● **Problem to solve**: Below is a listing to repeat exactly, with its pictures left out.

● **Data block**:
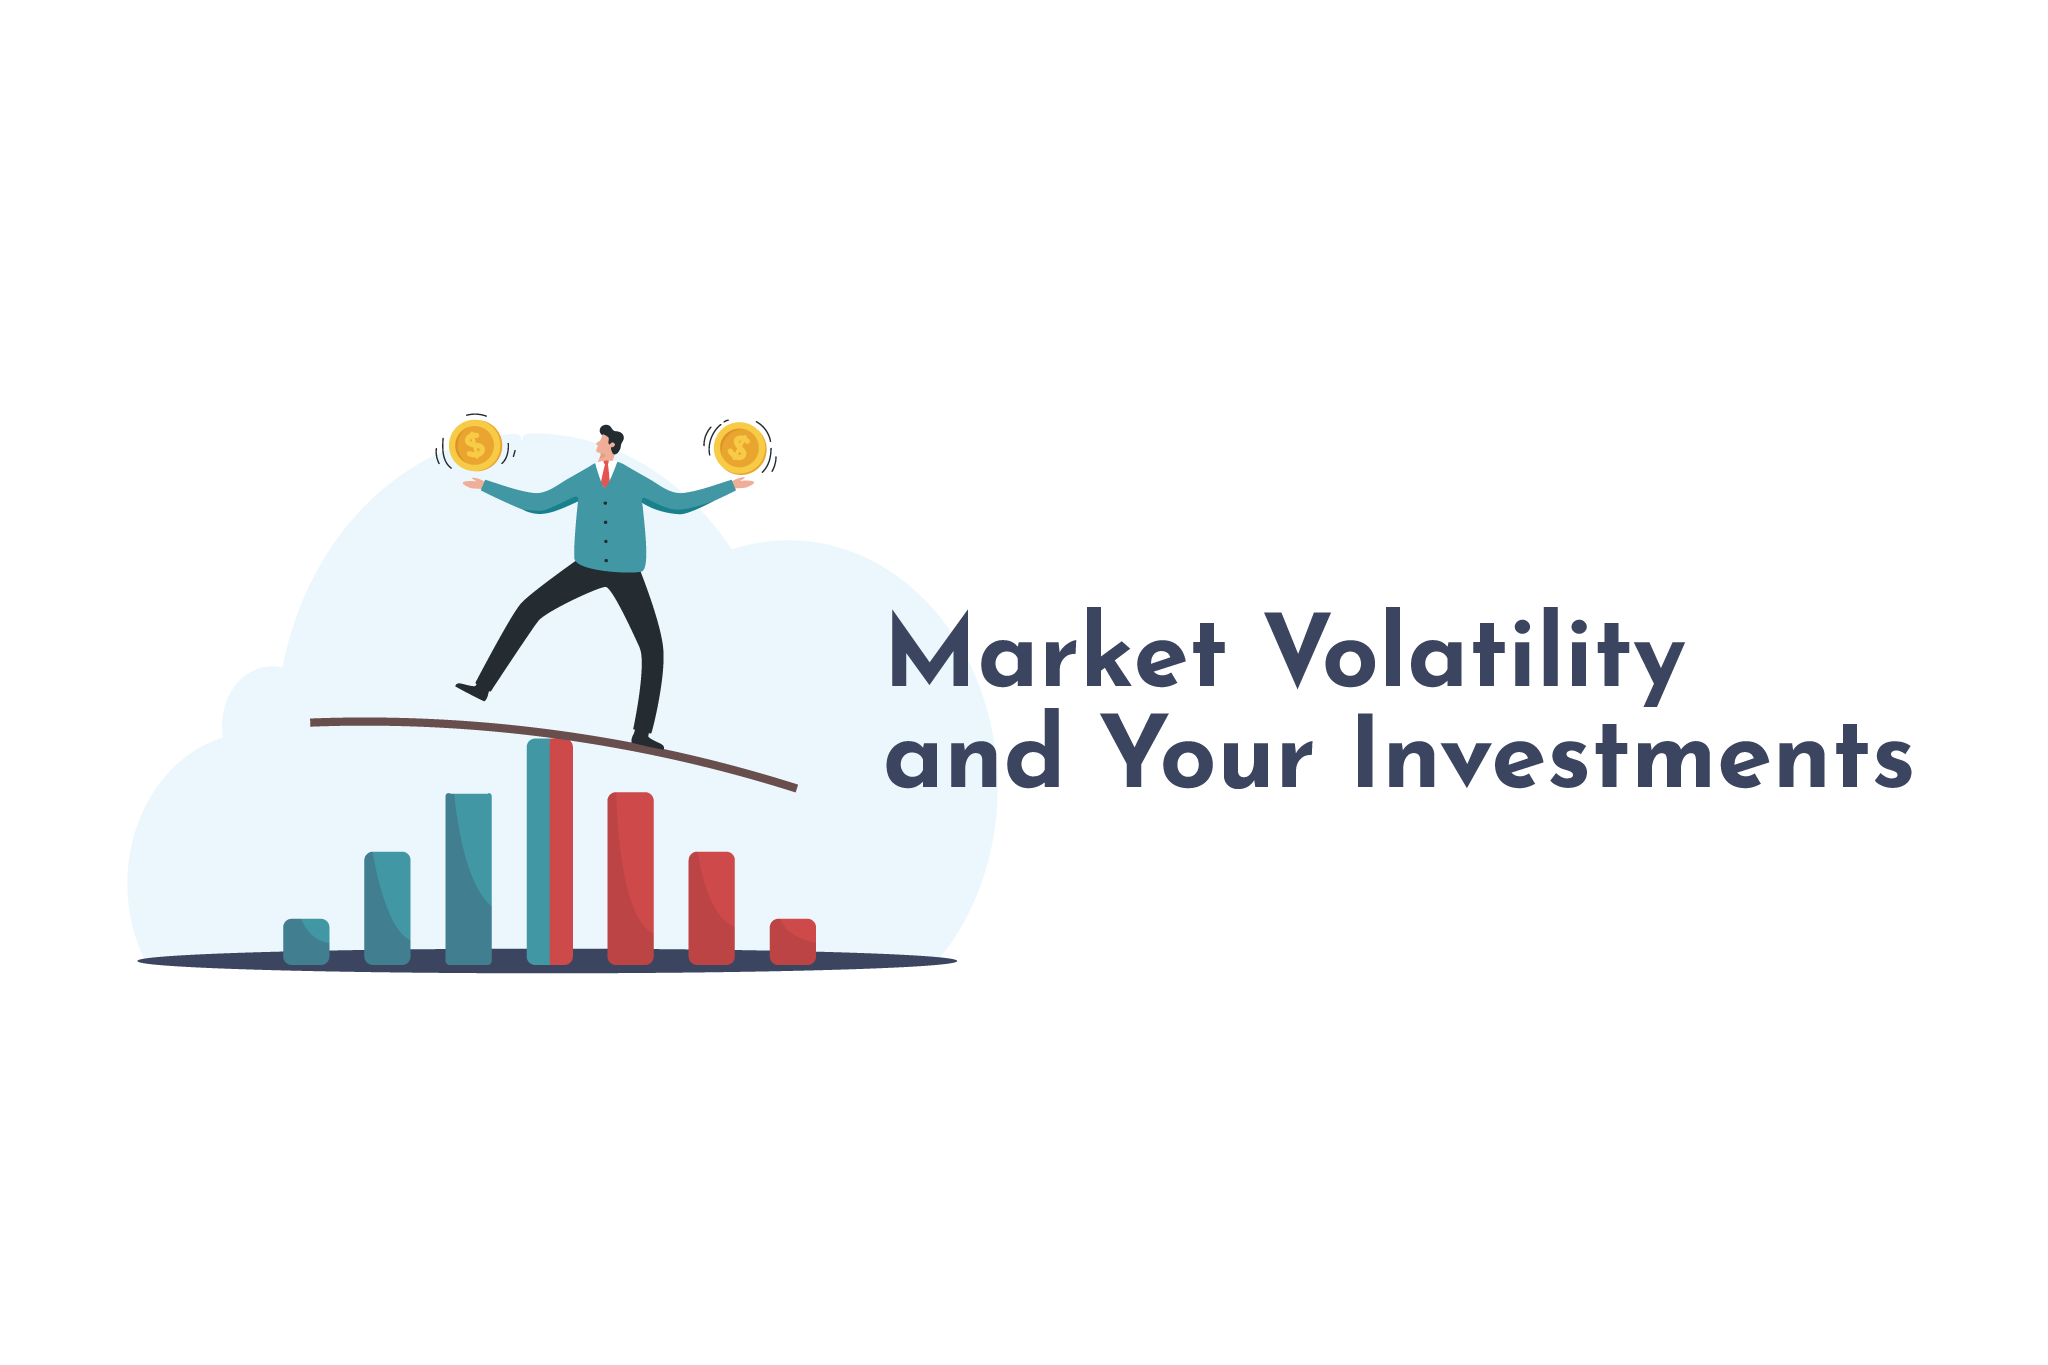 Market Volatility and Your Investments
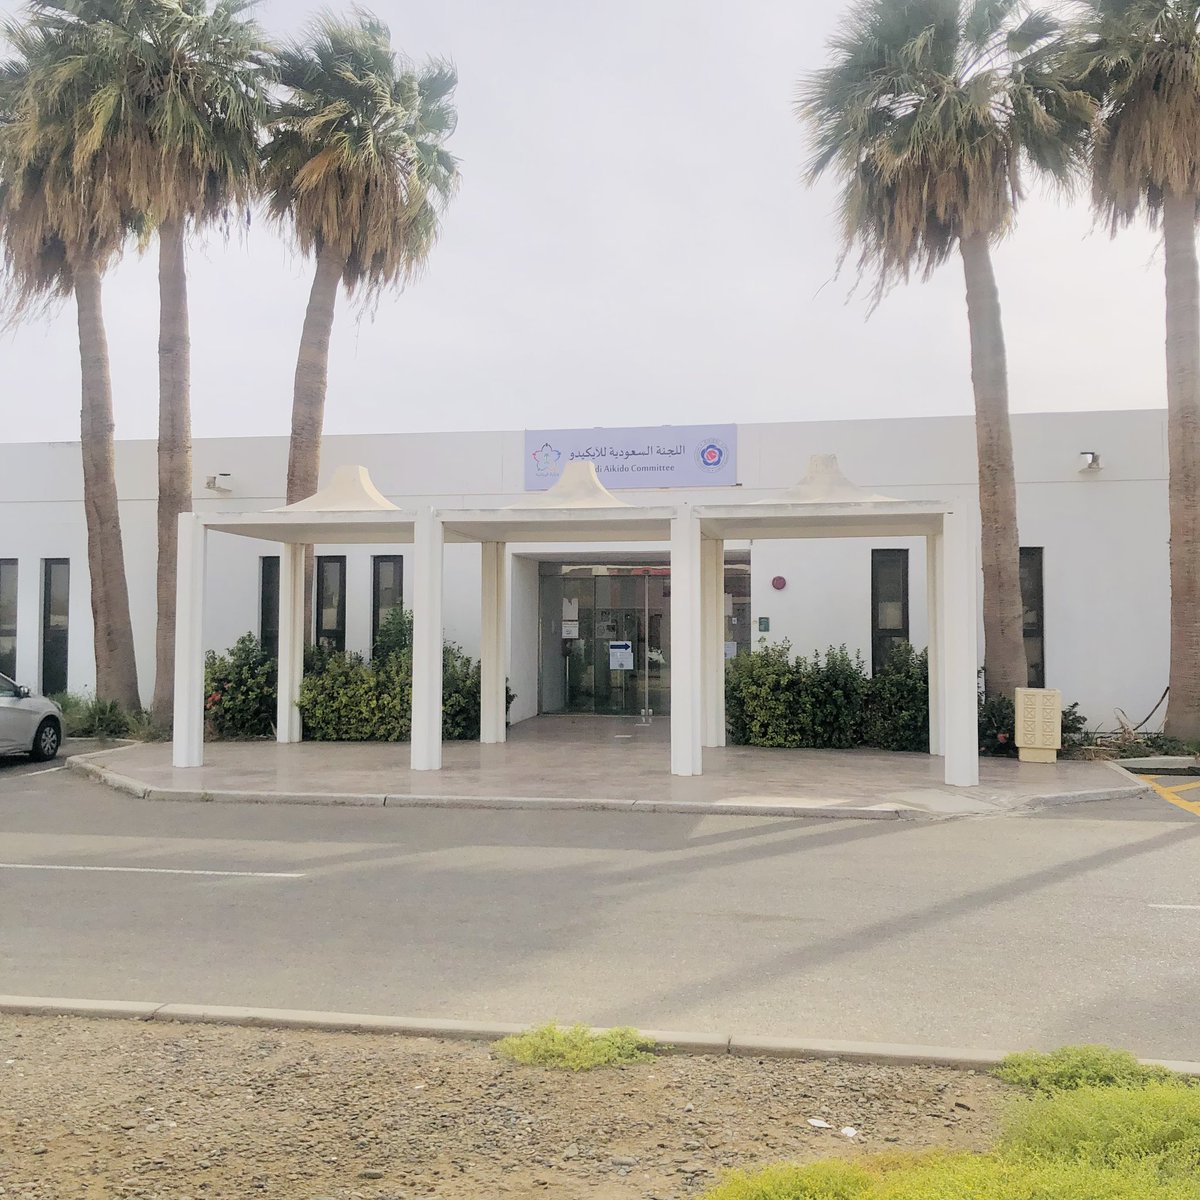 The Royal Commission at Yanbu Industrial City provided one of their buildings to be used as headquarter for the Saudi Aikido Committee. The facility is more than 1900 m2. The request was made through the Ministry of Sports and the Saudi Olympic and Paralympic Committee.
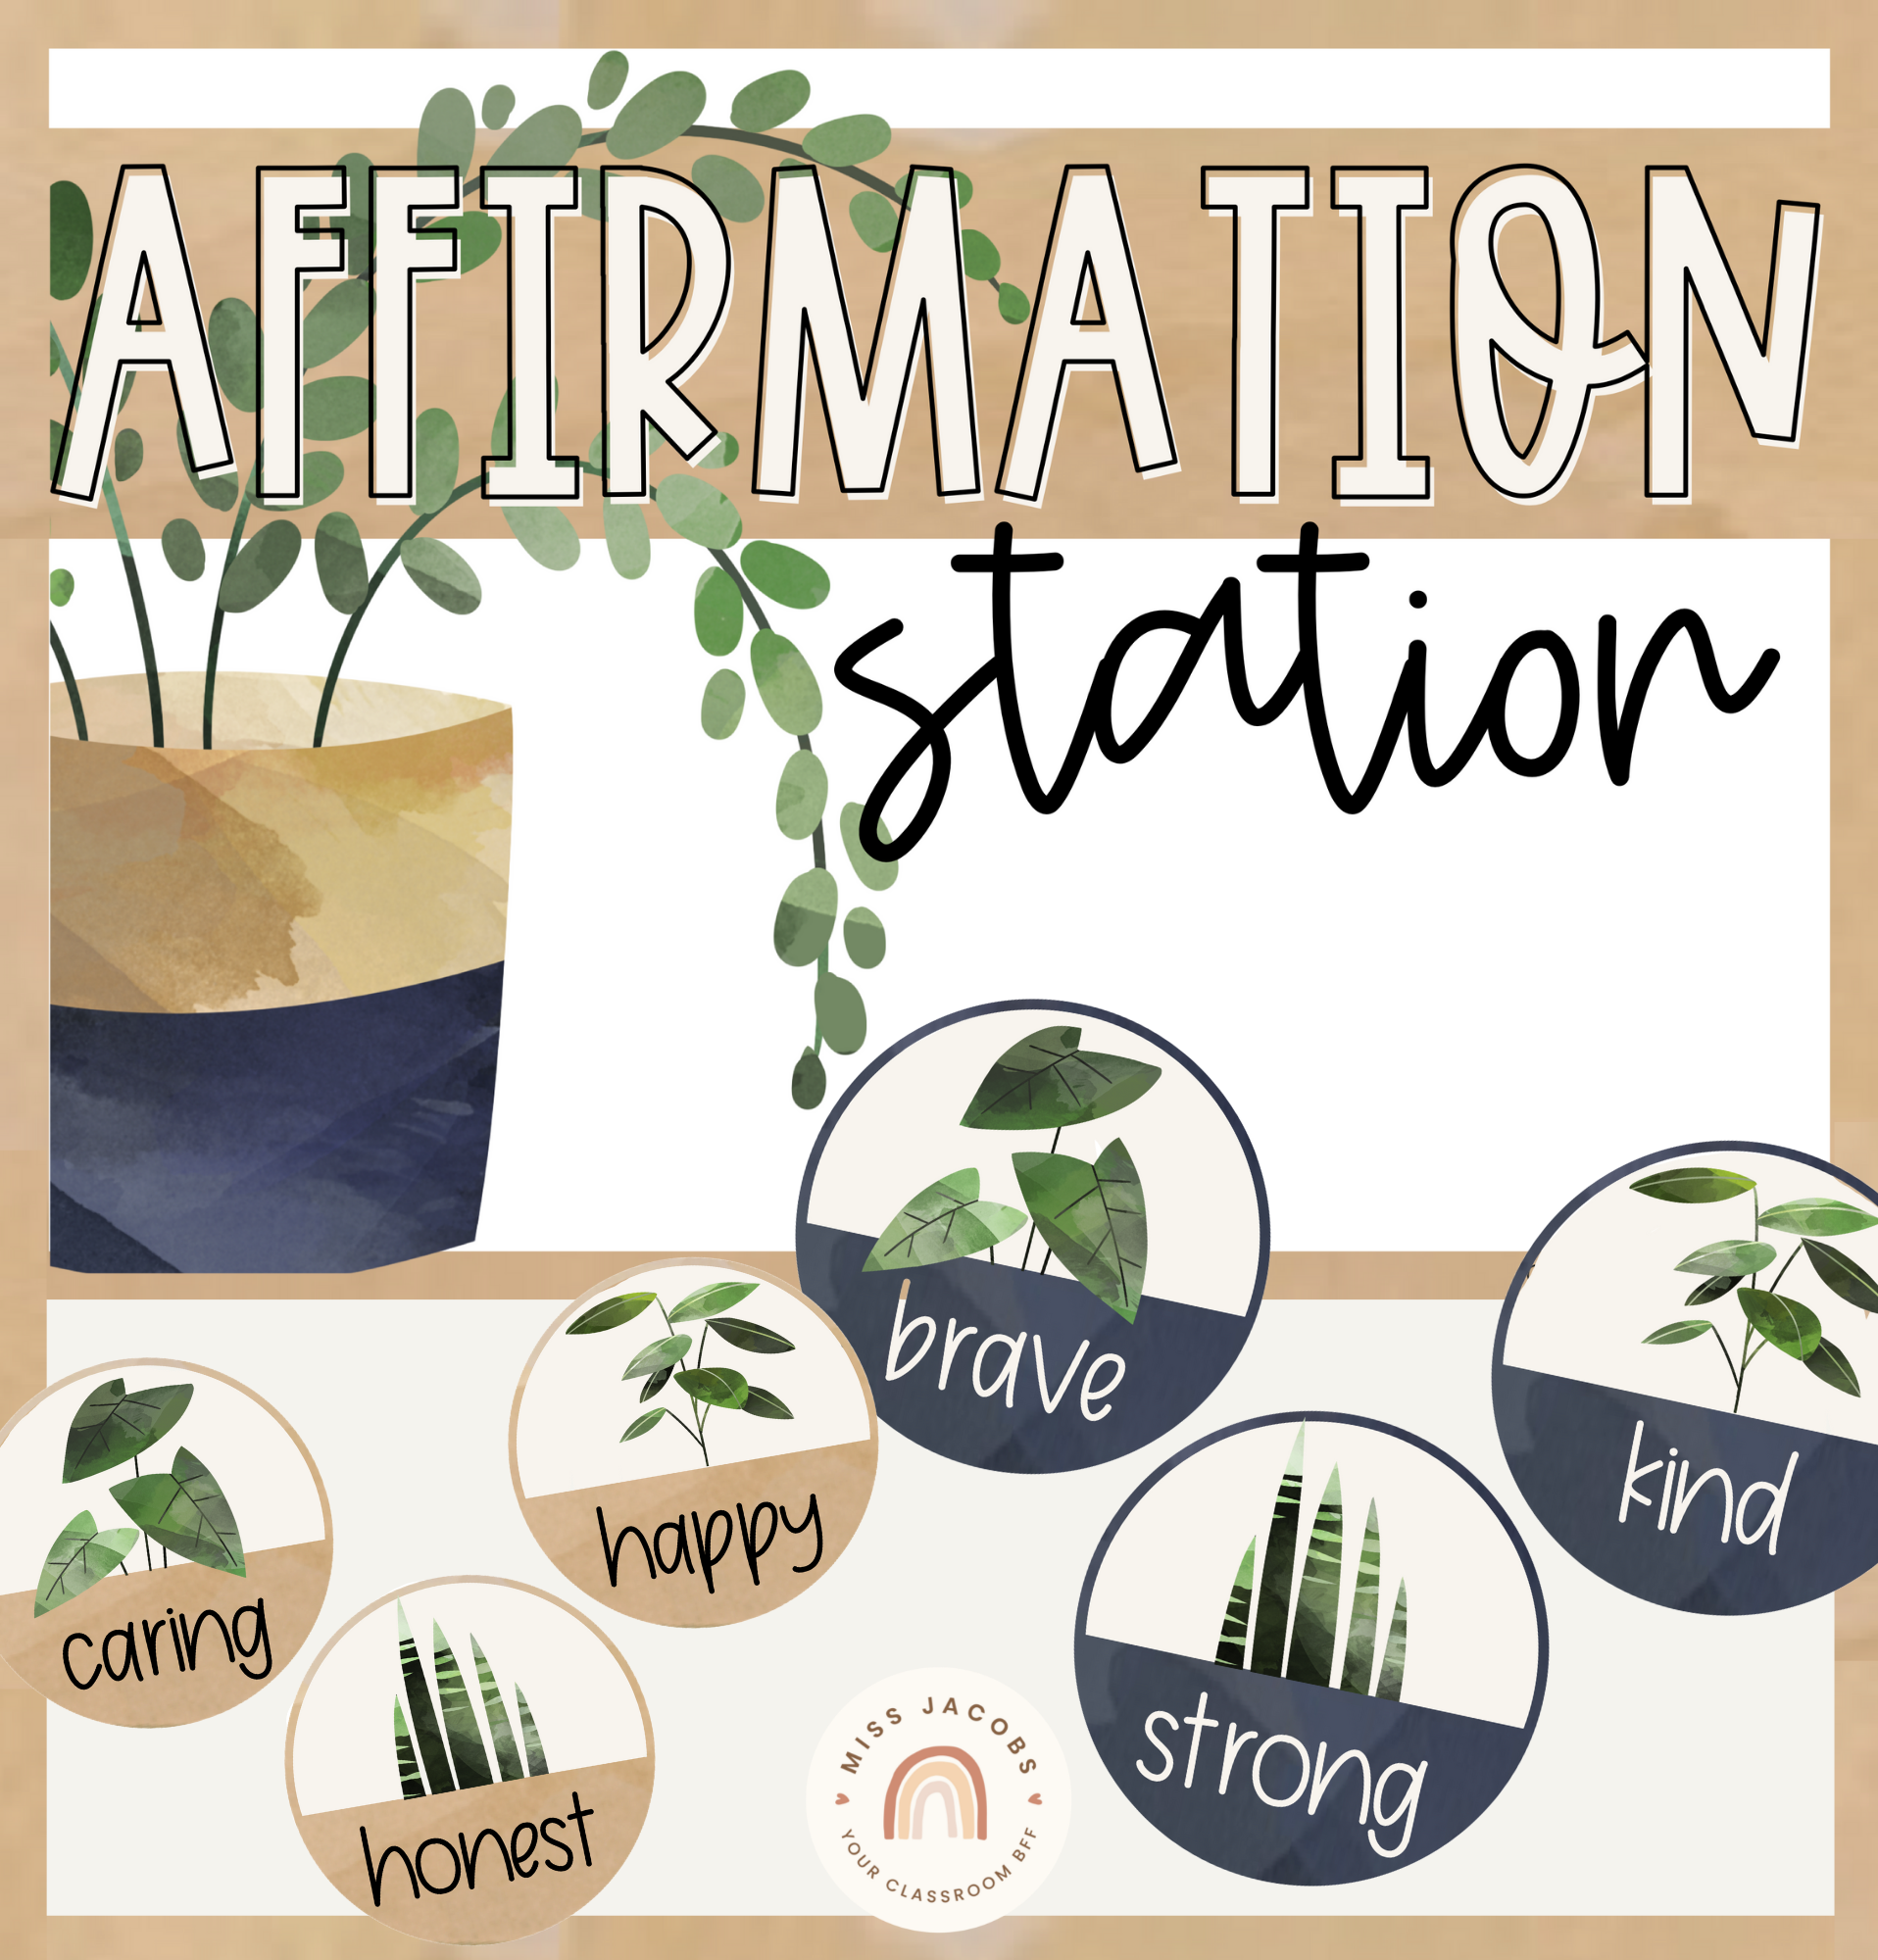 Two images are shown. On the left a graphic shows some of the elements of the Affirmation Station Display. We see illustrated plants in camel, green and blue-gray tones. The words caring, happy, honest, brave, strong and kind are shown. On the right we see the display created in an office setting - an arch shaped mirror is surrounded by circular affirmations each with a plant illustration. The top of the mirror says ‘I am’ and the affirmations include enough, patient, a leader, grateful and happy.

● **Response to the task**:
 Market Volatility and Your Investments
 The Royal Commission at Yanbu Industrial City provided one of their buildings to be used as headquarter for the Saudi Aikido Committee. The facility is more than 1900 m2. The request was made through the Ministry of Sports and the Saudi Olympic and Paralympic Committee.
 Two images are shown. On the left a graphic shows some of the elements of the Affirmation Station Display. We see illustrated plants in camel, green and blue-gray tones. The words caring, happy, honest, brave, strong and kind are shown. On the right we see the display created in an office setting - an arch shaped mirror is surrounded by circular affirmations each with a plant illustration. The top of the mirror says ‘I am’ and the affirmations include enough, patient, a leader, grateful and happy.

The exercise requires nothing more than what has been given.